Best stuff I've seen posted on GBATemp in a while.

Sweet stuff.


----------



## Splych (Jul 31, 2009)

I liked that Fantasy Map one on his Live Journal. It was pretty cool. And that Trapped In A Video Game one as well.


----------



## Alex Finlay (Aug 2, 2009)

Jaems said:
			
		

> Best stuff I've seen posted on GBATemp in a while.
> 
> Sweet stuff.



Aww Thanks, I liked it too, thats why i posted his work.


----------



## cngamemart (Aug 6, 2009)

not understand


----------



## Nonuser (Aug 13, 2009)

wow i'm lovin it. he's pretty talented!


----------



## Toni Plutonij (Aug 13, 2009)

cngamemart said:
			
		

> not understand


Why post then?!


I love it as well, he has awesome style! It's different but very appealing..Some pictures would be great as an book art!!


----------



## Alex Finlay (Oct 24, 2009)

Well sorry to bump a old thread but it was one im linked to alot, My brother got a job (Finaly one to do with Art)
in china, he is making backrounds for movies, gets free paid for travel, Flat, everything.
Pritty good and its good money he says. + i get his Xbox360 for 6 months, Also to the above post it has been in some French book for a guy overseas.


----------



## Myke (Oct 24, 2009)

his work's not bad. Im glad to hear that he got a job. good for him


----------



## MegaAce™ (Oct 24, 2009)

He deserved it, his work is fantastic.


----------



## bazamuffin (Oct 24, 2009)

cngamemart said:
			
		

> not understand



Art can be there for the viewers interpretation, its not just to be 'got' or 'understood'.  Make of it what you will, its all about inspiring emotions in people.

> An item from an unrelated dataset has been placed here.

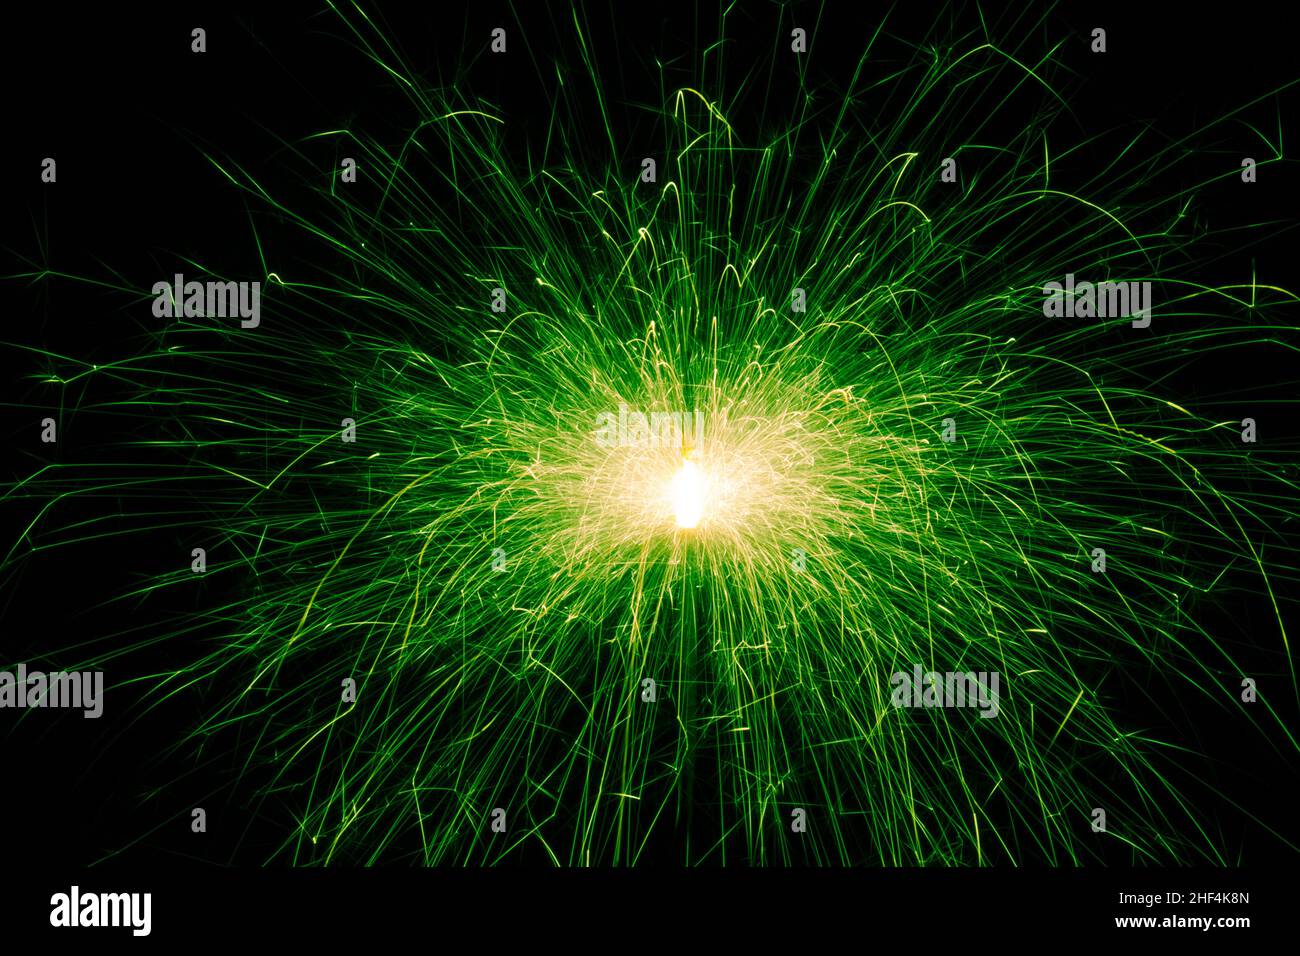 Sparkler, green sparks on a black background. Abstract photo of sparks, holiday lights Stock Photo

I think its pretty cool.  He's definitely got his own style, but I can also see who inspires him


----------



## geminisama (Oct 24, 2009)

Your brother has a unique drawing style. I like it.


----------



## Raika (Oct 24, 2009)

Wow, he certainly has a different and unique drawing style. His works are great!


----------



## ZAFDeltaForce (Oct 24, 2009)

His drawing style is friggin awesome. Definitely one that deviates from the mainstream. Hope his talent takes him somewhere big


----------



## Forstride (Oct 24, 2009)

I love his style, and it definitely is unique.  When you can break away from mainstream art and design how you want to, it can turn out great, just like these did.


----------



## rockstar99 (Oct 24, 2009)

yeah his style is good and he really deserved that job good luck to him


----------



## Alex Finlay (Nov 14, 2009)

He is going to china this monday, for 6 months wooooah :-)
i dnno what exactly he is doing it for but if he does any backrounds for films are let you all know!


----------



## Alex Finlay (Aug 28, 2010)

i don't normaly double post however i think its worth it, he is back and finished and i'll give u all on the film when its finished hopefally before 2011


----------



## funkymonster (Sep 5, 2010)

I really like his art style. I especially like artists like that, they can own at what they do.


----------